Johnson v. Bella Gravida, LLC
Jason Wilson and Christa Evans (“Defendants”) cofounded a clothing company, Bella Gravida, LLC, of which Evans was also the CEO and manager. Bella Gravida was marketed as a monthly subscription service for maternity clothing. In 2015, Stephen and Ann Johnson (“Plaintiffs”) signed a Membership Unit Purchase Agreement (“Agreement”), exchanging $30,000 for membership interests in Bella Gravida. Following the execution of the Agreement, the Johnsons claimed Wilson and Evans failed to properly manage the company, which resulted in its financial ruin. On December 30, 2019, the Johnsons filed a complaint against Wilson and Evans, as well as Bella Gravida, alleging fraud, statutory business conspiracy, common law conspiracy, breach of fiduciary duties, conversion, unjust enrichment, and breach of contract.
Statutory Business Conspiracy and Common Law Conspiracy
In Virginia, statutory business conspiracy consists of “(1) a combination of two or more persons for the purpose of willfully and maliciously injuring plaintiffs in his business; and (2) resulting damage to the plaintiff.” The court found that the Johnsons lacked standing to bring a statutory busines claim, because a member of an LLC “is not a proper party to a proceeding by or against” an LLC, unless the purpose is to enforce a member’s right against or liability to the LLC or in a derivative action asserted on behalf of the LLC. The Johnsons argued that they were injured as members of the LLC through a tort, but they weren’t attempting to enforce a right against the LLC or other members. The court held that to bring such a claim, the Johnsons would need to instead bring a derivative suit on behalf of the LLC.
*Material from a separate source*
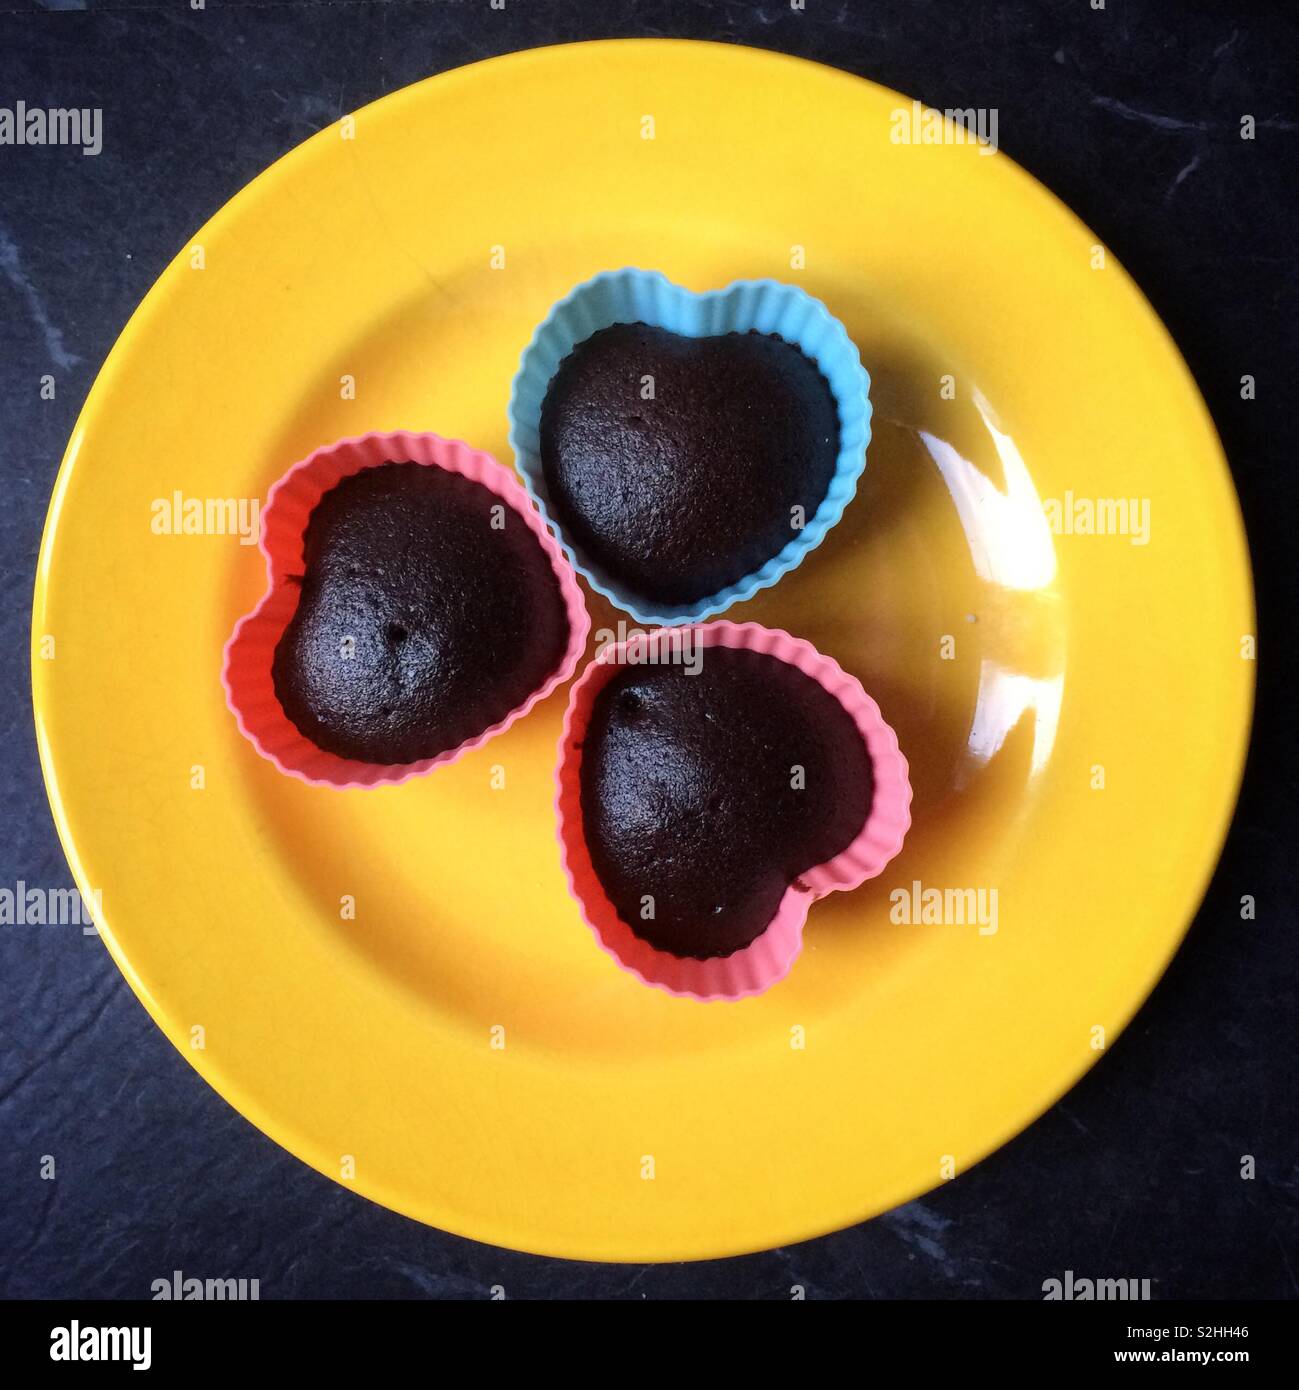 Three heart shaped chocolate cupcakes on a bright yellow plate Stock Photo

In addition to the lack of standing, Defendants argued the statutory business conspiracy must also fail because of the intracorporate immunity doctrine, which holds that “a conspiracy between a corporation and agents of that corporation who are acting in the scope of their employment is a legal impossibility.” While Virginia circuit courts and federal district courts have recognized a “personal stake exception” to this rule, neither Virginia appellate court has recognized the exception and the court here declined to, as well. Here, the court found that Wilson and Evans were decision makers for Bella Gravida and were acting on behalf of Bella Gravida when they made the alleged initial misrepresentations to the Johnsons. Thus, they couldn’t have conspired with each other under the intracorporate immunity doctrine. Lastly, the claim also failed because the harm alleged was against the Johnson’s share of Bella Gravida, and not in their trade or business, as the claim requires. The court similarly found that the Plaintiffs’ common law conspiracy claim failed under the same standing and intracorporate immunity doctrine arguments.
Breach of Fiduciary Duties
A Virginia claim of breach of fiduciary duty requires that a plaintiff establish “(1) the existence of a fiduciary duty, (2) the breach of that duty, and (3) resulting damages.” The court here noted that the Supreme Court of Virginia has concluded that a member of an LLC cannot bring a claim of breach of fiduciary duty against another member or manager of the LLC. Since the Johnsons, as members of an LLC, are attempting to sue other members of the LLC, the claim must fail. The Plaintiffs also argued the Defendants breached duties created under the Agreement. However, the Supreme Court of Virginia has held that for claims of breach of fiduciary duty, the duty breached must be a common law duty, not one created solely by a contract.
Conversion is “the wrongful assumption or exercise of the right of ownership over goods or chattels belonging to another in denial of or inconsistent with the owner’s rights.” A claim of conversion can only succeed if the individual has a property interest in the allegedly converted item and is entitled to the immediate possession of that item. Here, the Johnsons argued that defendants converted the $30,000 and used it for personal expenses. However, the court held that the $30,000 did not belong to them at the alleged time of the conversion, since after they entered into the Agreement, they exchanged the funds for membership interests in the LLC. At that time, Bella Gravida had the property interest in the $30,000, not the Johnsons.
The remaining claims also failed, because the court found the complaint “contains serious factual deficiencies and improperly identifies the parties or their status.” The Johnsons sued defendants directly, when the claims were required to be sued derivatively, and they sued defendants individually instead of as agents and members of Bella Gravida. The complaint filed by plaintiffs had fatal standing issues, which could have been avoided if the claims had been brought properly by and against the correct parties.